Liza ducked behind the open door and fired off countless rounds at their attacker, giving Jermaine enough time to find cover and search for his gun. The deafening sound of gunfire echoed through the garage with the same intensity of thunder in the mountains. Shaking with every tiny explosion of sound, Faith unlocked the passenger-side door and slipped out to the concrete floor.

She crawled along the cold, smooth surface, just getting away from the deadly spray of bullets and spent cartridges and dings of metal and concrete shrapnel. She’d covered the distance of two cars and hidden behind a third when the sudden silence startled her. “Oh, no. No.”

Was Jonas dead? She had to help him. Rising to her feet, she tried to spy him through the shadowed garage. The debris of spent cartridges indicated where Jonas had hidden behind a tall SUV. But there was no sign of movement. No sound.

Liza was blocked from view as well. Jermaine Collier was the only one she could see. He had taken cover behind a support pillar, emptying his gun and quickly reloading. “You might as well give it up, mountain man,” Collier taunted. “You’re hit and you’re out of ammo.” He swung around the pillar to fire.

“But I ain’t dead.” A huge knife sailed through the air and pierced the center of Jermaine Collier’s chest.

The hit man’s eyes and hands popped open. His gun clattered to the floor. Sweat formed a sheen across the top of his bald head. But he didn’t fall. Faith watched in tight-lipped horror as he closed his fingers around the handle of the knife, and with a deliberate denial of any pain, pulled the knife from his chest.

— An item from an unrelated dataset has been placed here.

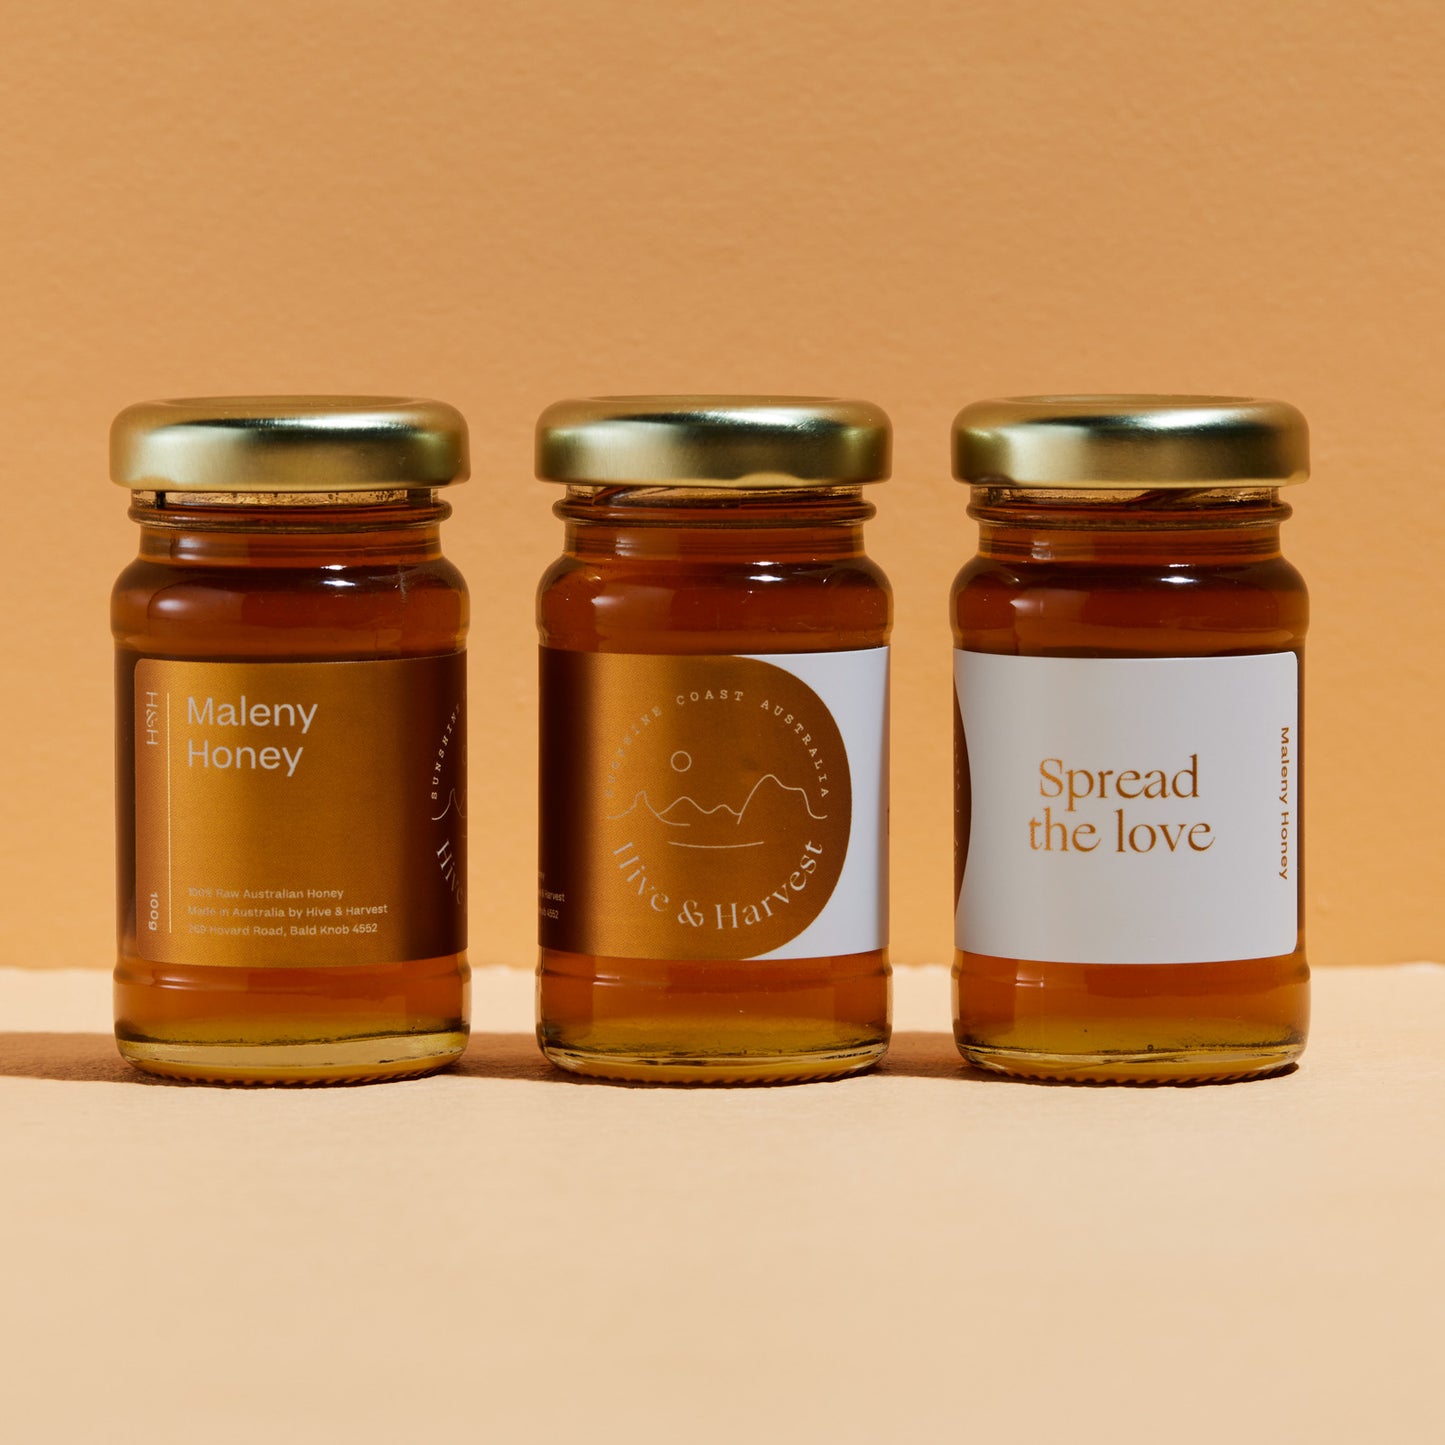 Maleny Honey Petite "Spread the Love"
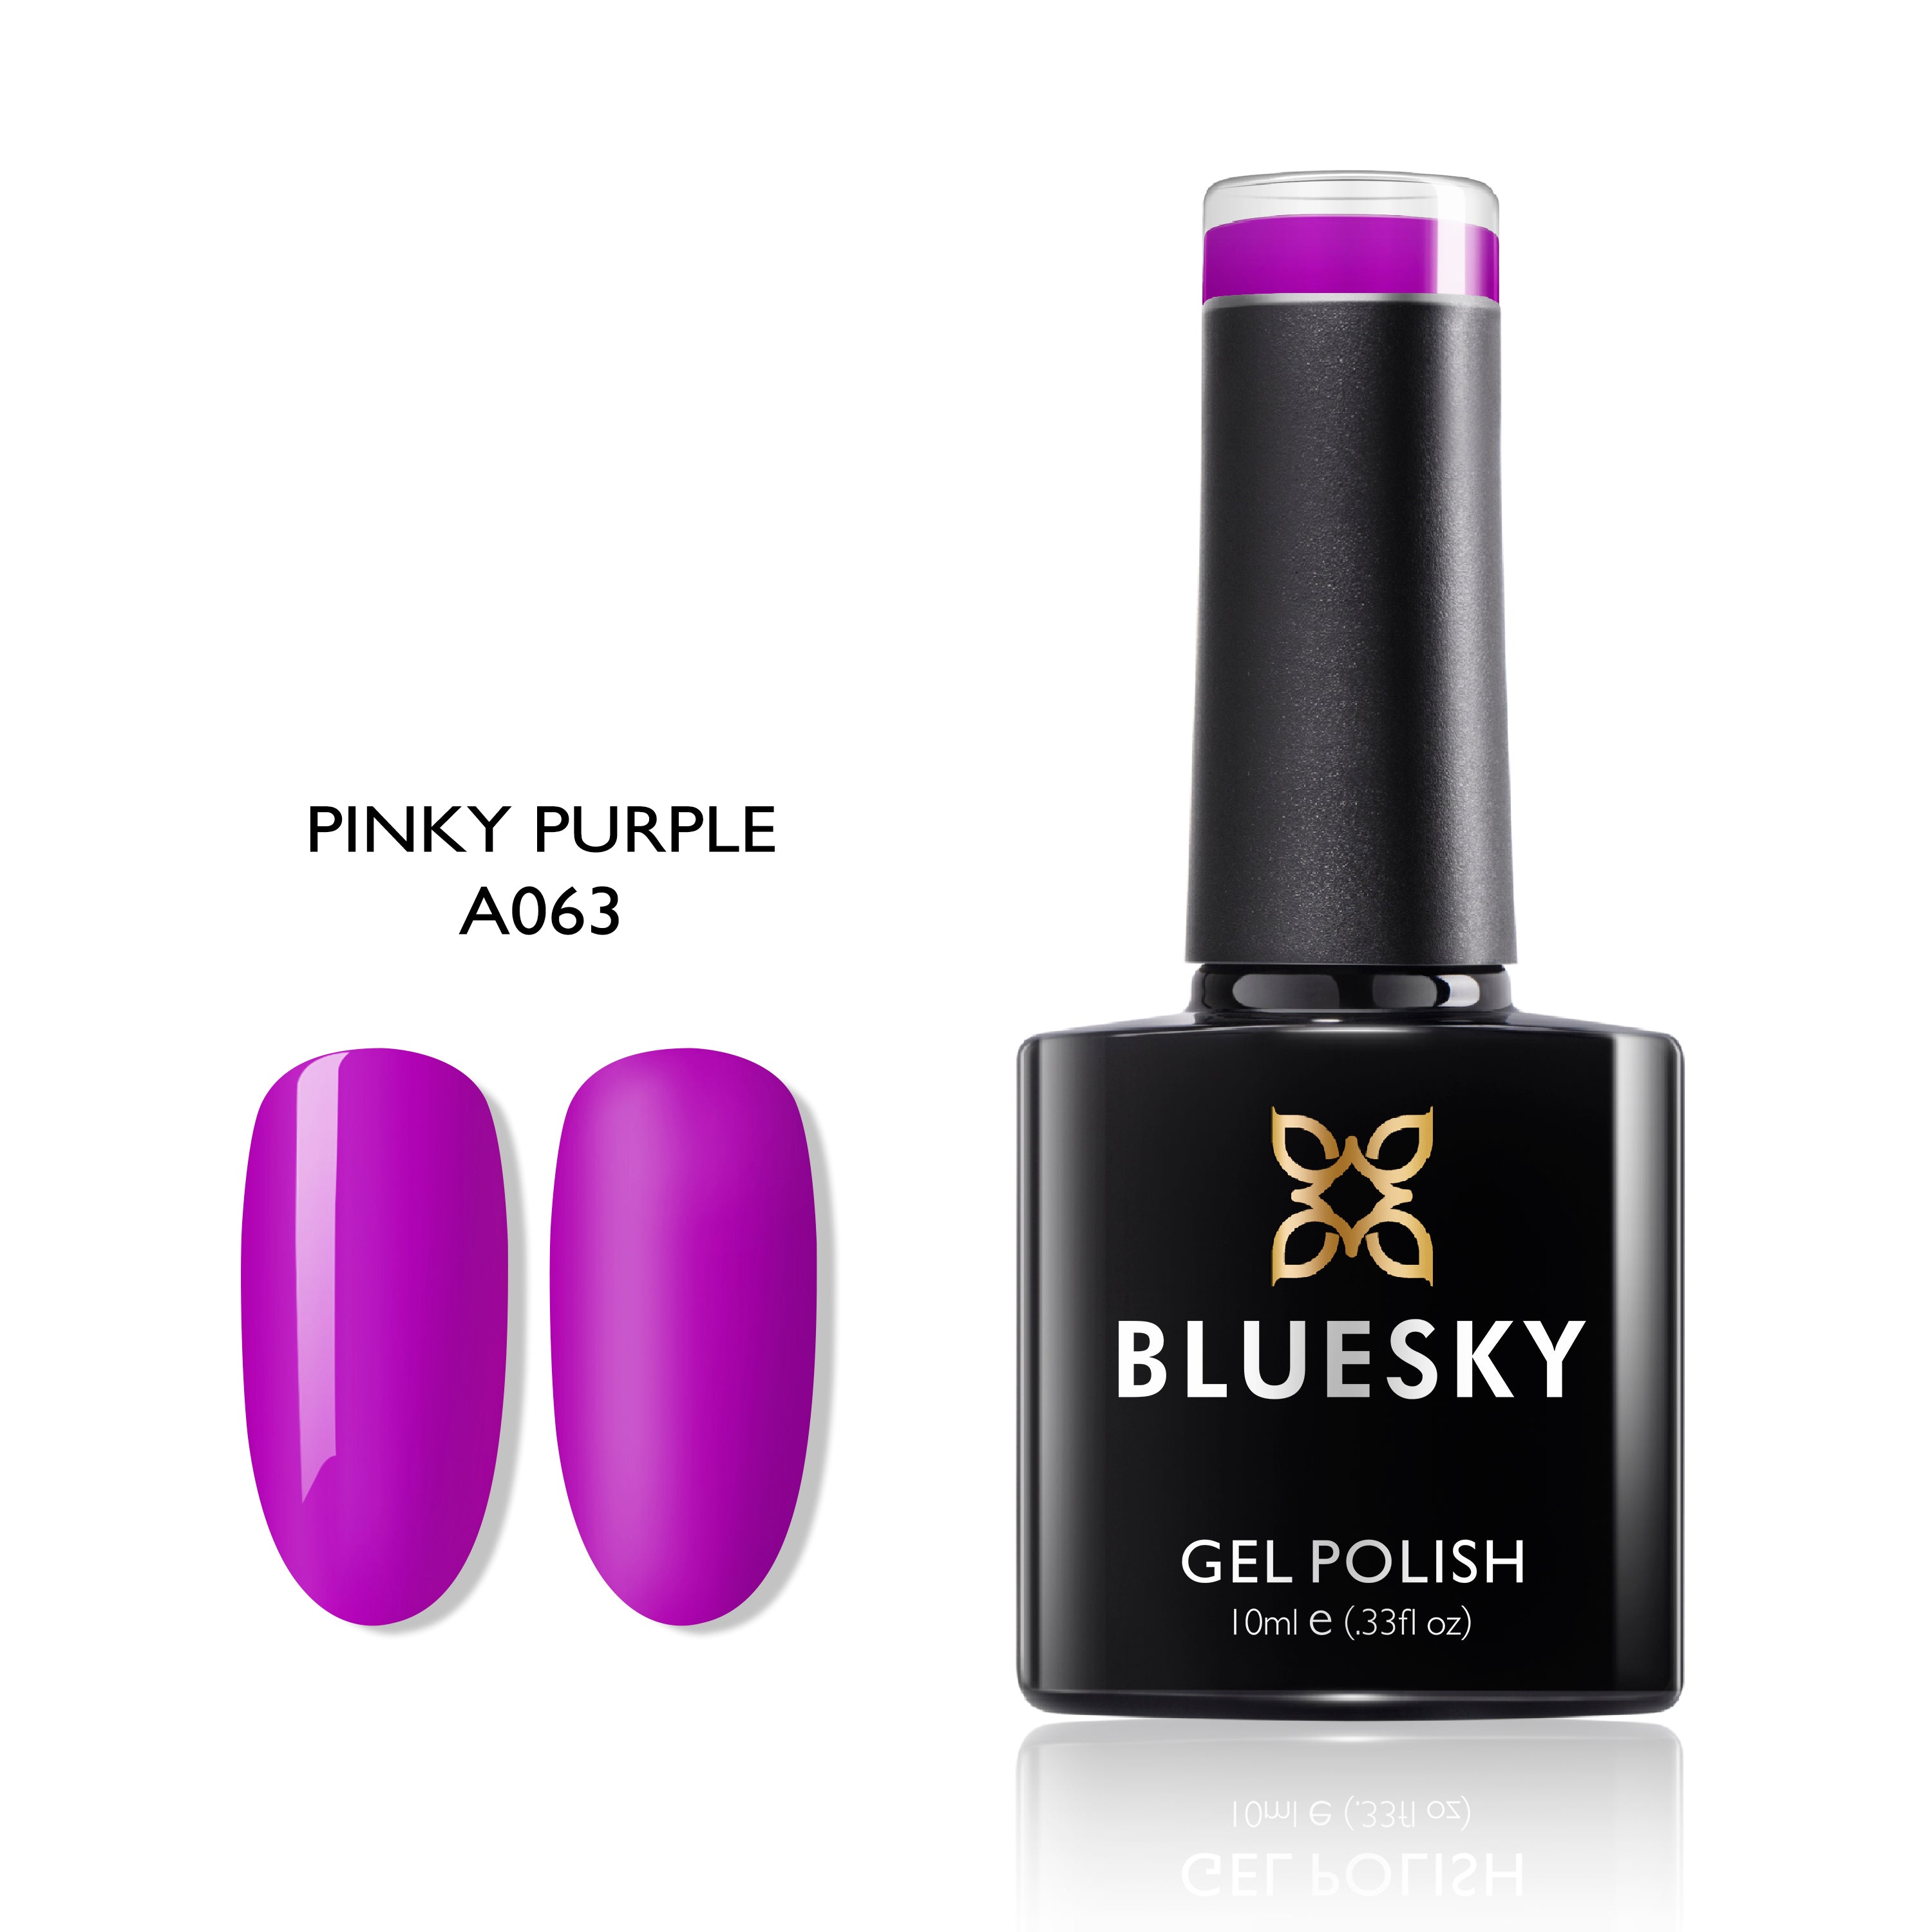 Pinky Purple | 10ml Gel Polish - BLUESKY

Everything around her took on a sudden surreal quality. But it was real. It was all real. The heightened sense of awareness brought on by fear and intense relief. The oily smell of the cars. The vicious barrage of hateful words. The sight of Jonas Beck flying through the air and smashing Jermaine Collier down to the concrete floor before the hit man could react.

Their fight was cruel and intense—two wounded giants battling for their very lives. Faith’s heart pounded against the wall of her chest. She had to help. How could she help?

But she was too late. Like every other tragedy of the past few days, she couldn’t stop it. She felt the tap of cold metal against her scalp.

“Get up.” Liza hadn’t disappeared with the disk. She’d come for Faith. “Get up!”

She slowly stood. Liza settled the gun behind Faith’s ear. She could see Jonas now, trading punches with Collier, his face bleeding from a cut across his cheek. His shoulder soaked with blood. No. No, he didn’t deserve to die. Not like this. Not for her.

Obeying the command of Liza’s gun, Faith walked to the black car and climbed behind the wheel. As she slid across the seat, Liza got in behind her and started the engine. She was abandoning her partner.

Faith wouldn’t abandon hers.

As Liza shifted the car into Reverse, Faith lunged for the gun. She smashed her foot on top of Liza’s on the accelerator. The car burned rubber, then found traction and careened backward, crashing into a pillar. The whiplash momentum threw Faith against the dashboard. She lost her grip and tumbled to the floor. But Liza was shaken, too, her head bleeding from where she’d hit the steering wheel.

Faith recovered more quickly. But with the gun lost at Liza’s feet, she opted for escape. She shoved open her door and fell out onto the concrete.

Ignoring the pain that swirled inside her head, Faith got to her feet and ran toward Jonas. “Jonas? Oh, God. Jonas?”

He rose to his feet with Collier’s head locked between his massive arms. The black man turned the knife he held in his fist and plunged it back into Jonas’s ribs.

“Jonas!”

Jonas’s startled gasp betrayed his pain, but he moved his arms in a fateful twist. Collier’s eyes opened wide. They never closed again. Jonas released him and he fell to the floor. Dead.